People with diabetes have lengthy lists of medication, equipment and devices to keep track of. This is why it can be so useful to have first aid kits.

Having first aid kits at homen, when going out, and for dramatic changes in blood glucose levels can be easy to prepare and useful in potentially serious situations.

Depending on where you are, there are a number of emergency kits you can set up for yourself.

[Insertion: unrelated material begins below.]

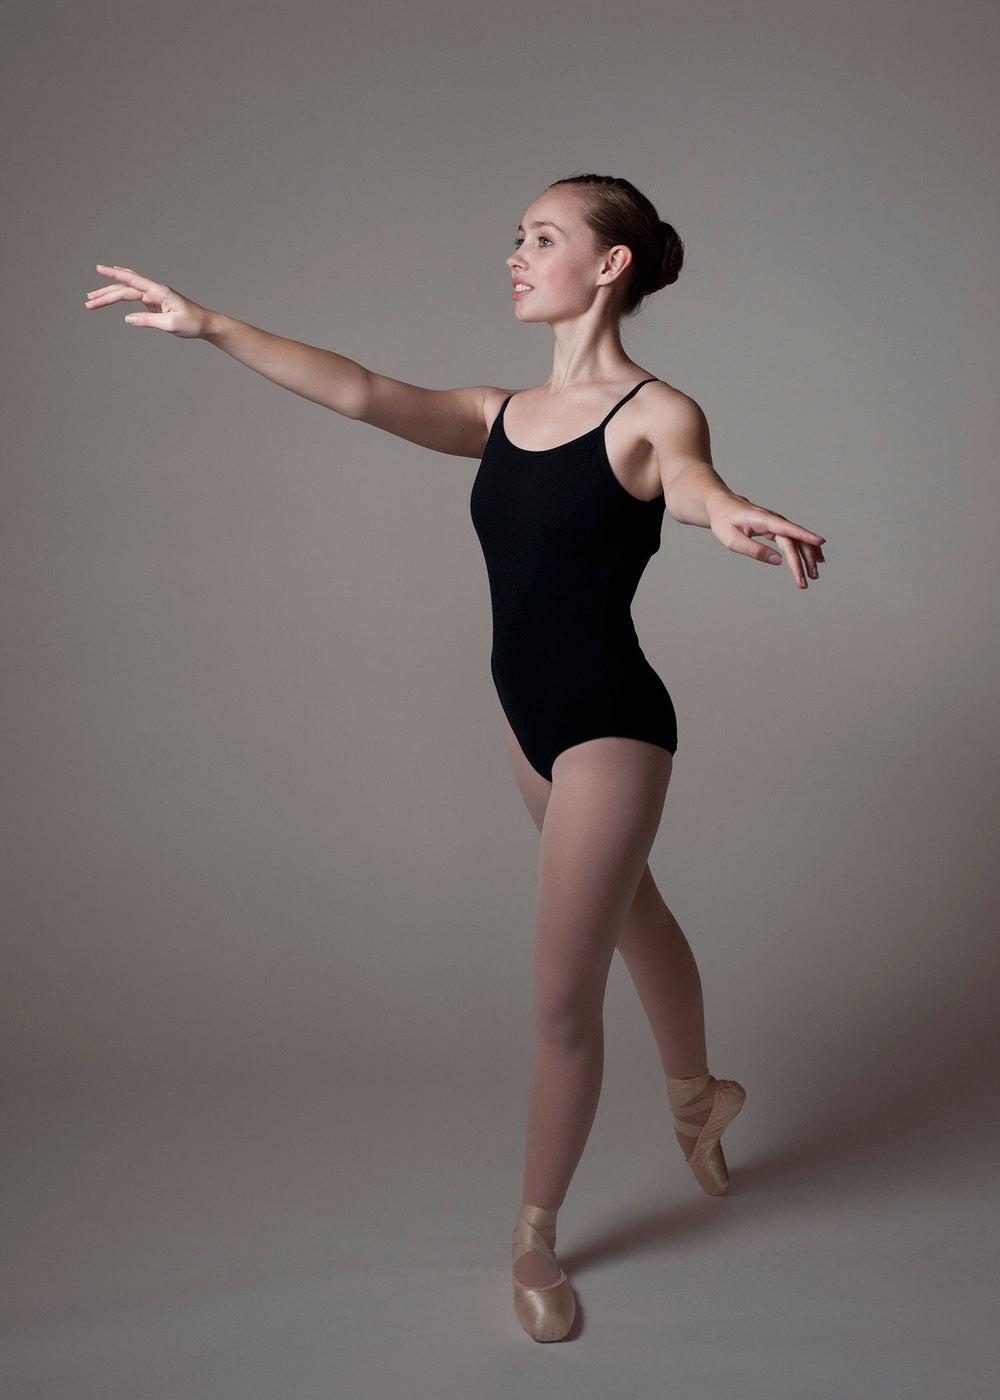 Rachel Nevin, ballet dancer

Hypoglycemia and hyperglycemia kits

A hypo and hyper kit can be kept on your person at homen, and when you’re out. You should make sure you replenish supplies when they are low so you don’t run out when you need them.

For hypos

  • Your blood glucose meter –  including extra test strips and lancets
  • Fast-acting glucose, such as an energy drink (e.g. Lucozade) and/or tablets
  • Glucagon kit
  • List of emergency contact numbers
  • List of your current prescriptions
  • Medical identification – such as an identity card, if you choose not to wear any

A popular product for hypos are GlucoTabs. Buy GlucoTabs from the Diabetes Shop

For highs

  • Your blood glucose meter –  including extra test strips and lancets
  • Spare insulin vials for injections (but only if you can store these in a fridge)
  • Spare injection needles
  • Ketone testing strips – if you take insulin

At home

While most of your medication will be stored at homen, some things will not be appropriate for a first aid kit. Insuli, for example, should be kept in the fridge.

Additionally, you should keep your first aid kit away from rooms with heat and humidity, such as the bathroom, and store them in a room where the kit is easy to reach.

Items in this kit should be reviewed at least twice a year and you should replace anything expired, or close to expiring.

  • Spare blood glucose meter
  • Additional testing supplies, such as strips and lancets
  • List of your current prescriptions
  • Extra batteries for your meter, continuous glucose monitor or insulin pump
  • Spare infusion sets for insulin pumps
  • Spare injection needles
  • Ketone testing strips
  • Hypo kit
  • Hyper kit (for insulin users)

Out and about

You only need to consider the essentials when taking a first aid kit outside. If you are susceptible to hypos, you will need your hypo kit, as well as your hyper kit if you manage your diabetes with multiple daily injections (MDI).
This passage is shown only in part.